The focus on culturalist arguments and on cultural distinctiveness evokes the dangers of essentialism (Muehlebach 2001; Sylvain 2002). In this respect, it is important to address the only article on Bedouin indigeneity that addresses the relationship between indigeneity and essentialism. In this article, Oren Yiftachel, Batia Roded and Alexandre Kedar argue that:
… our approach to the concept of indigeneity is relational, historical and political, and has issue with the essentialist approach to the subject. In other words, we do not claim that it is a single system which formally and permanently defines groups with an indigenous identity around the world, and that the Bedouin group has characteristics that permanently and eternally assign it to the indigenous category. (Yiftachel, Roded and A. Kedar 2016, 4, emphasis added)

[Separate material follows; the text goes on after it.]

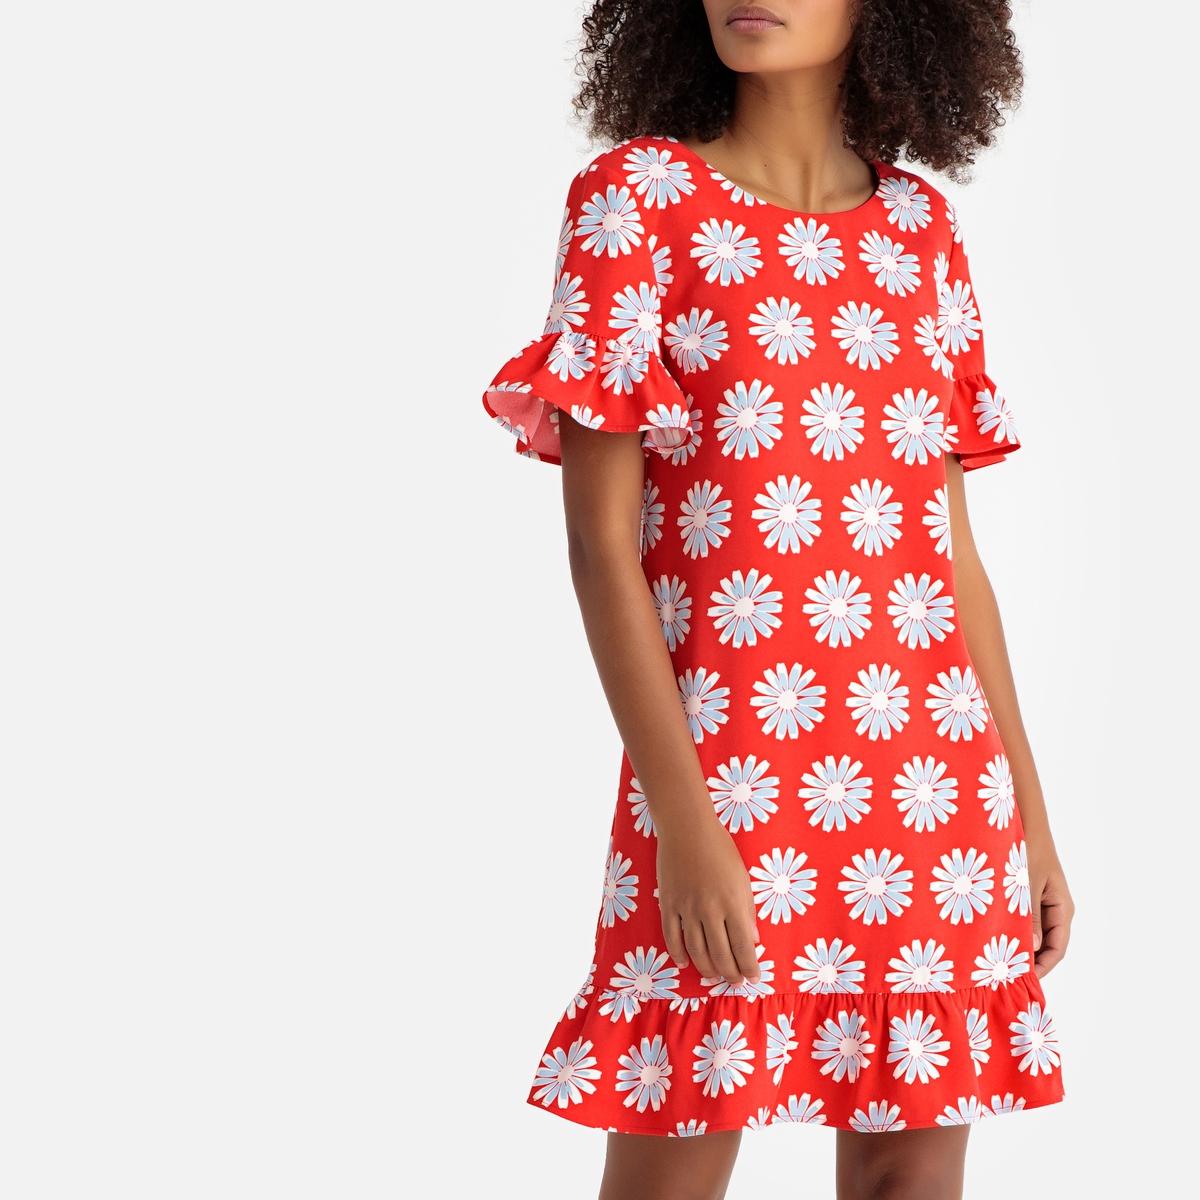 Платье-миди La Redoute Расклешенное с баской и цветочным рисунком 34 (FR) - 40 (RUS) красный платье миди la redoute расклешенное с баской и цветочным рисунком 34 fr 40 rus красный

However, their argument fails to escape an essentialised and de-politicised conception of indigeneity. In fact, the article continues by justifying Bedouin indigeneity on the grounds of cultural distinctiveness and non-dominance. The argument constructs indigeneity merely as an opportunity structure rather than as an antagonistic political category, implying that at this temporal moment the Naqab Bedouin exhibit cultural characteristics that make indigeneity a suitable framework. This is why it is possible to ‘imagine later
stages in their struggle when indigeneity may become superfluous or taken-for-granted, and perhaps be replaced by other categories of struggle and resistance’ (Yiftachel, Roded and A. Kedar 2016, 5). The authors fail to acknowledge that a political approach to indigeneity must acknowledge that it is the settler who has brought the indigenous into existence and who perpetuates this existence (Fanon 1963, 36). As long as settler colonialism exists and as long as the logic of elimination continues to govern native lives, indigeneity as a political category remains relevant.
Failing to escape the yoke of an essentialised conception of indigeneity, the authors argue for strategic essentialism. However, native engagement in strategic essentialism does not necessarily eliminate the dangers of essentialism (see Spivak in Milevska 2003, 30). Furthermore, self-essentialising practices are embedded in histories and relations of extreme inequalities and imbalances of power (Sylvain 2002). This means that dire conditions of marginalisation and the need to expand opportunity structures can force indigenous peoples to engage in practices of self-essentialism in order to gain access to the human rights discourse in order to advance their cause.